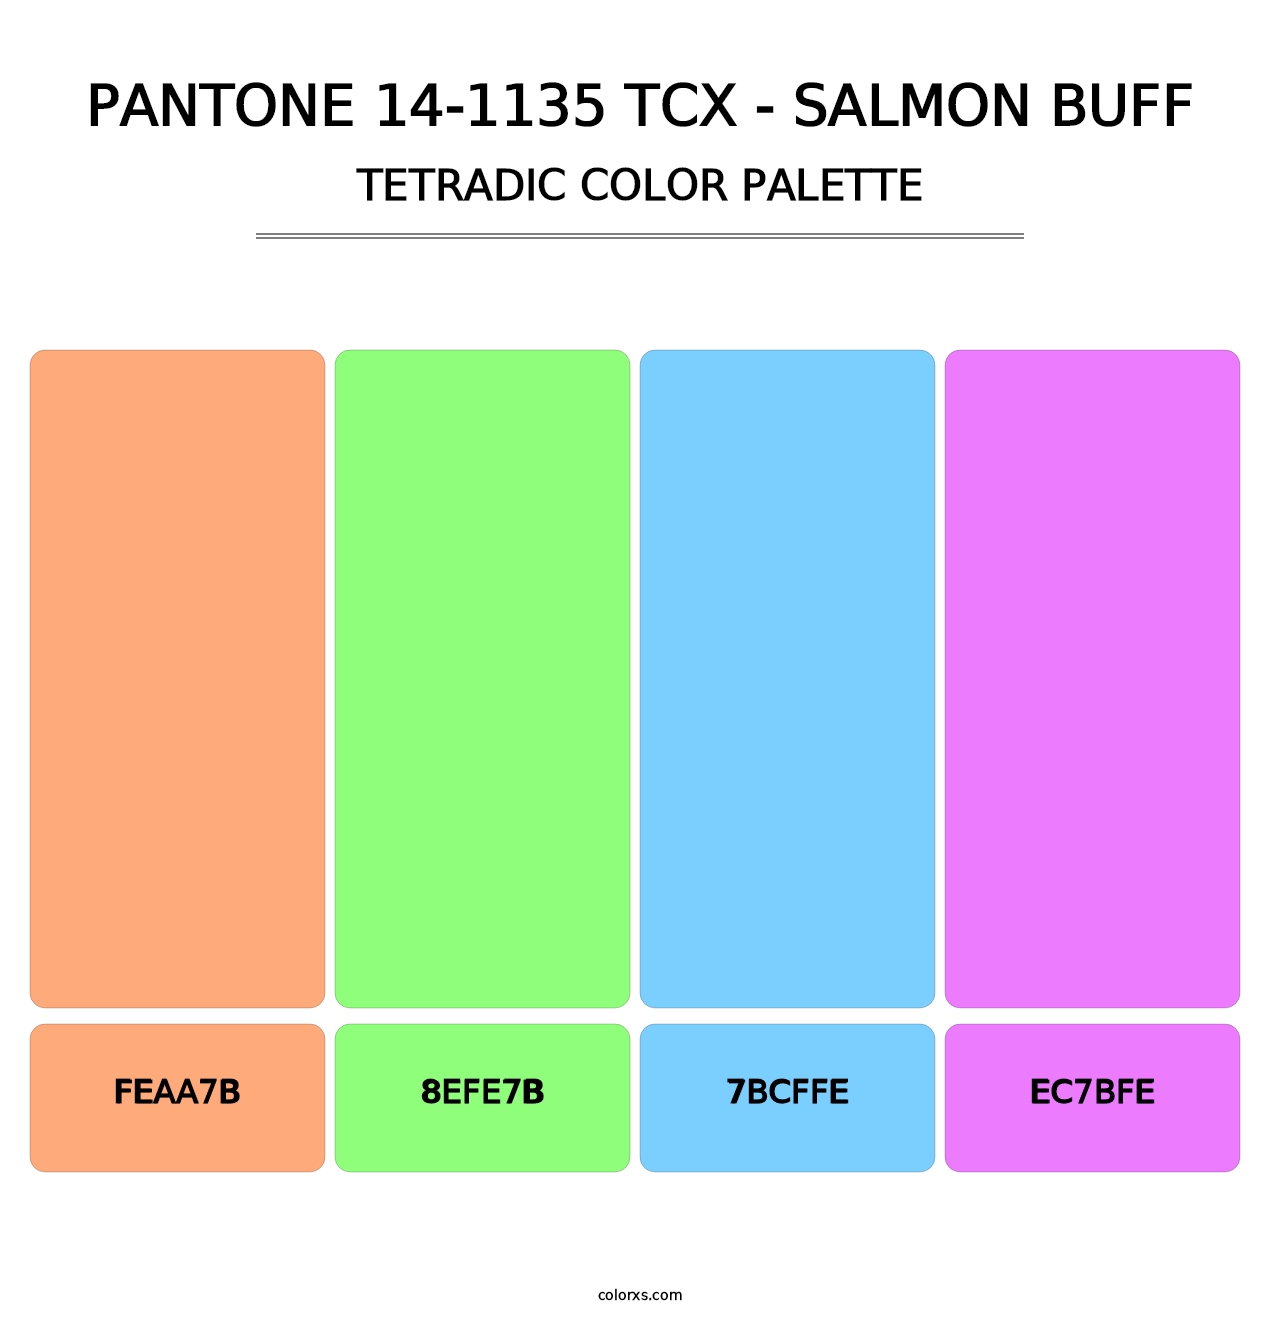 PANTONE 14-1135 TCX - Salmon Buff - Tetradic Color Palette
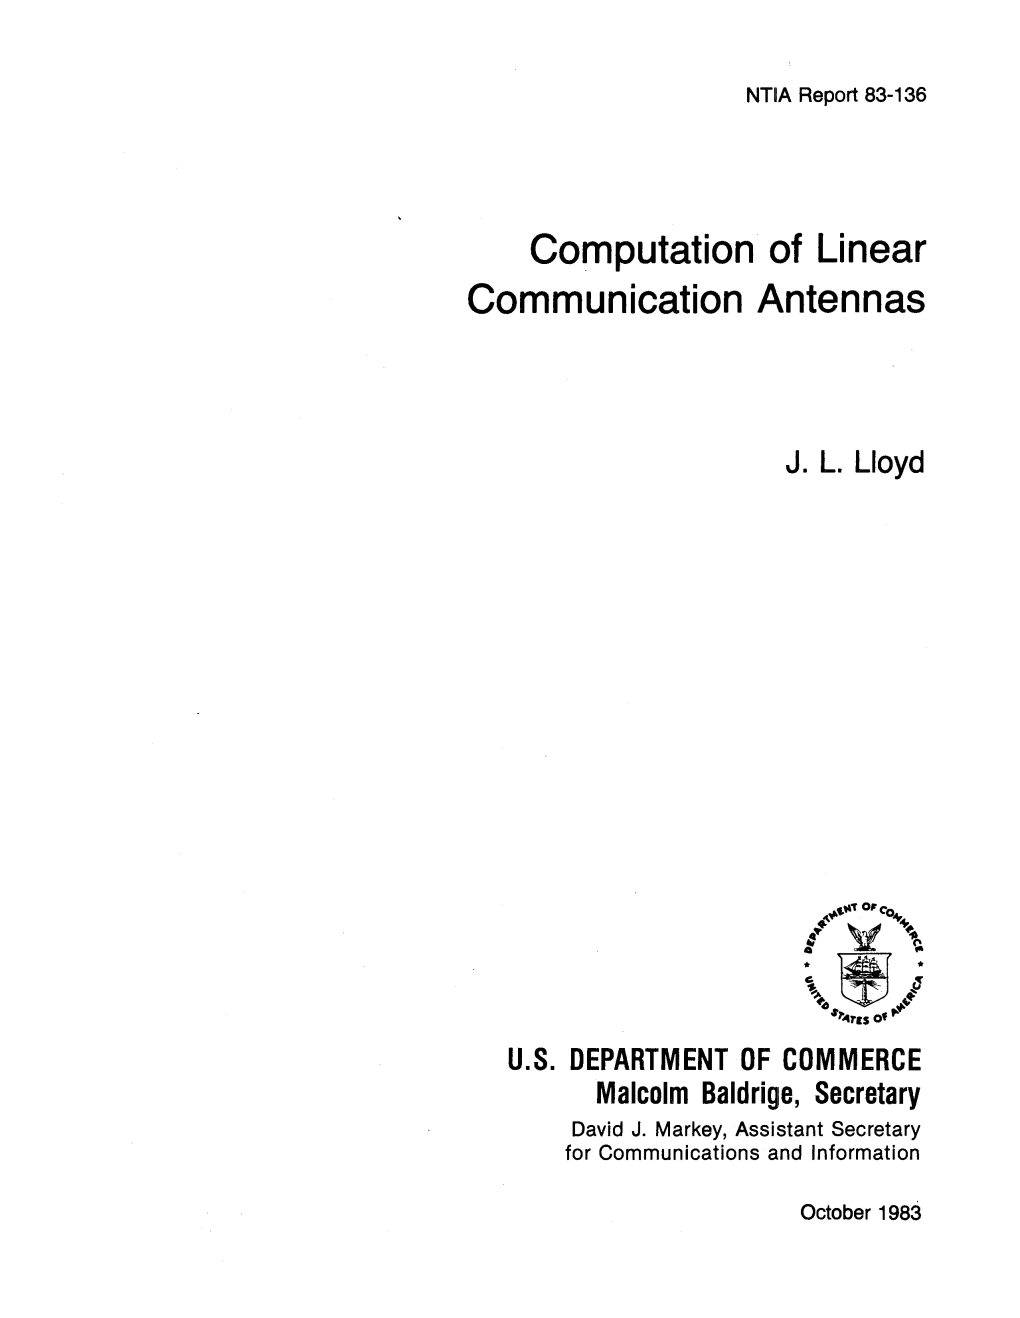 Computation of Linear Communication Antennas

-.-.-

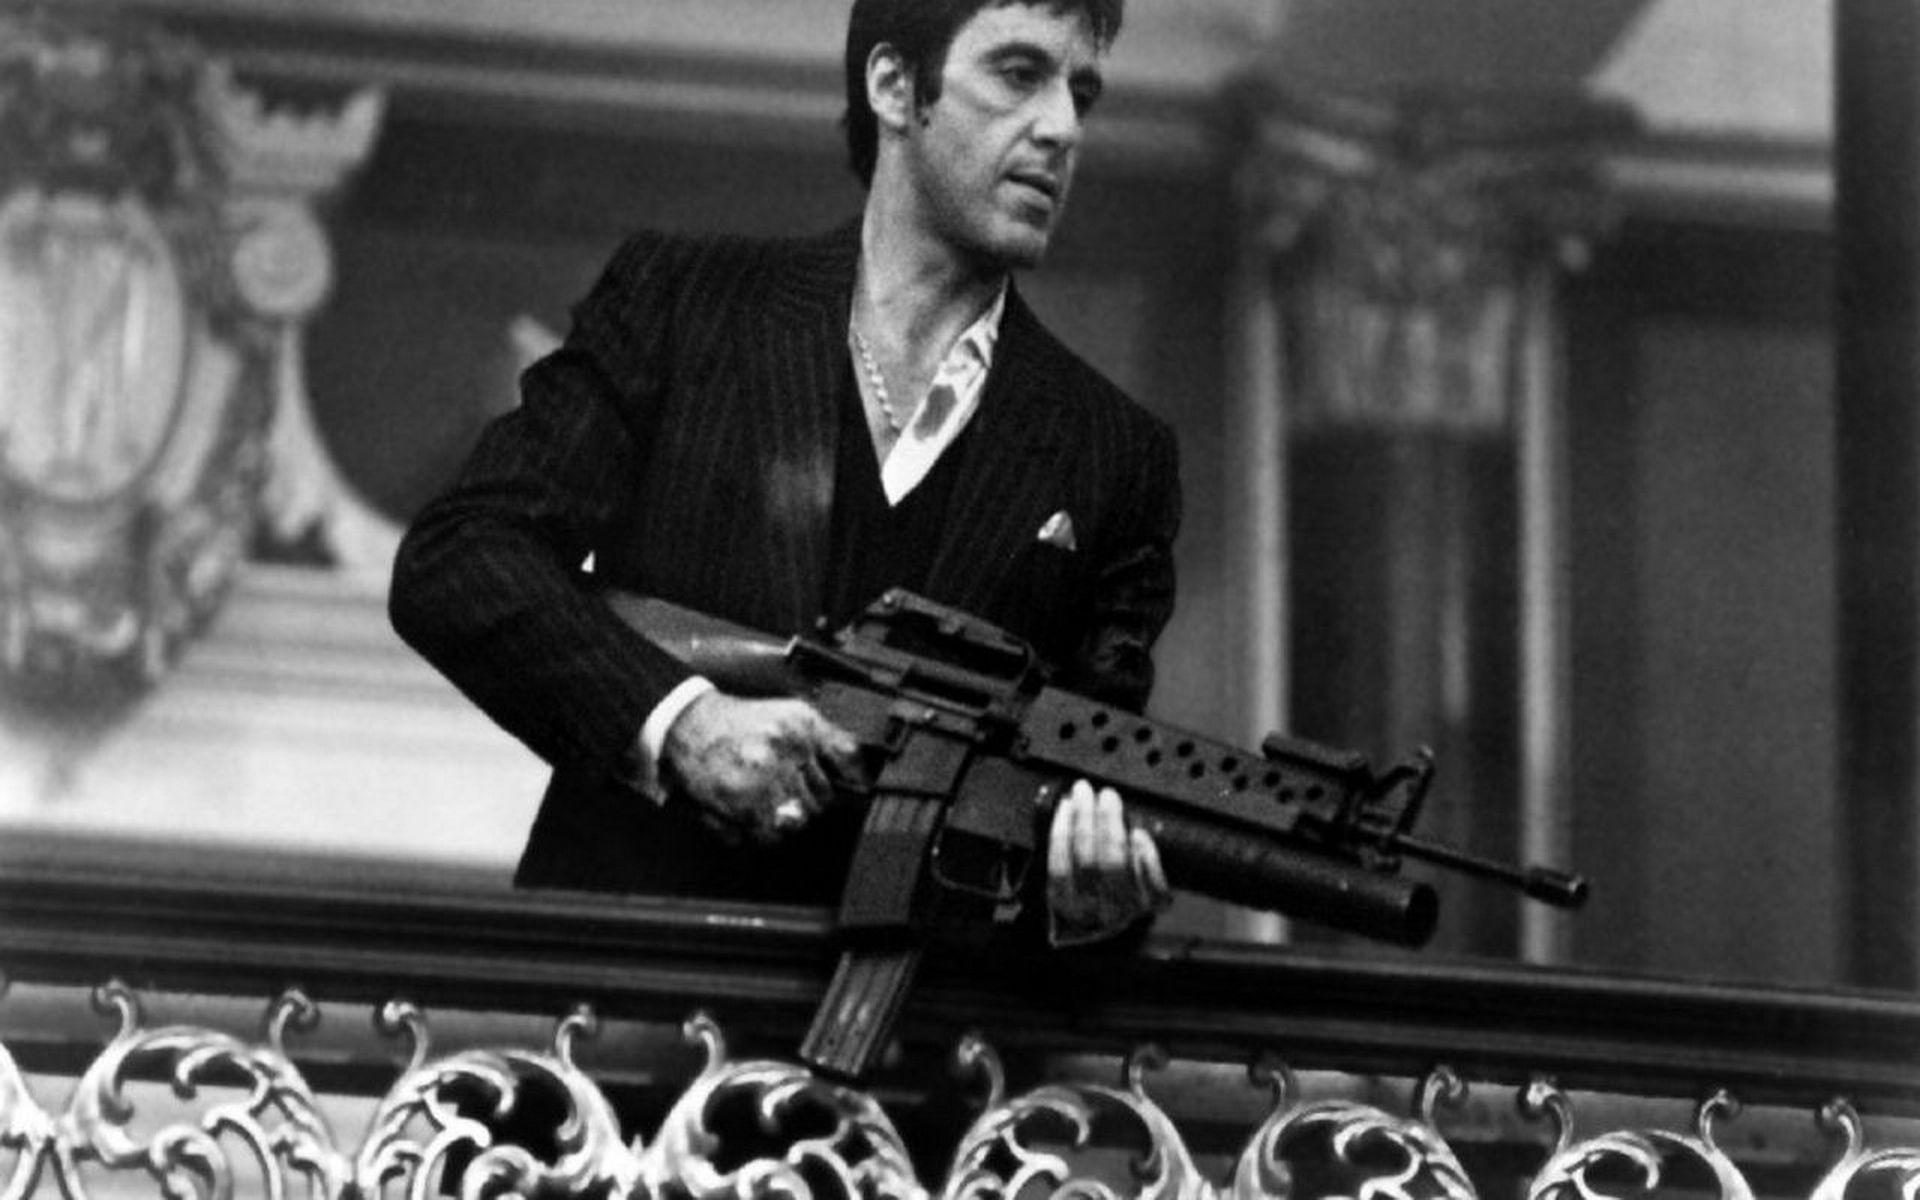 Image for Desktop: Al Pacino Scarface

-.-.-

**About this task**. Extract, without any images, the part of the material above that opens with the line containing "PANTONE 14-1135 TCX - Salmon" and closes with the line containing "Computation of Linear Communication Antennas", both lines included.

**Task solution**.
 PANTONE 14-1135 TCX - Salmon Buff - Tetradic Color Palette
 Computation of Linear Communication Antennas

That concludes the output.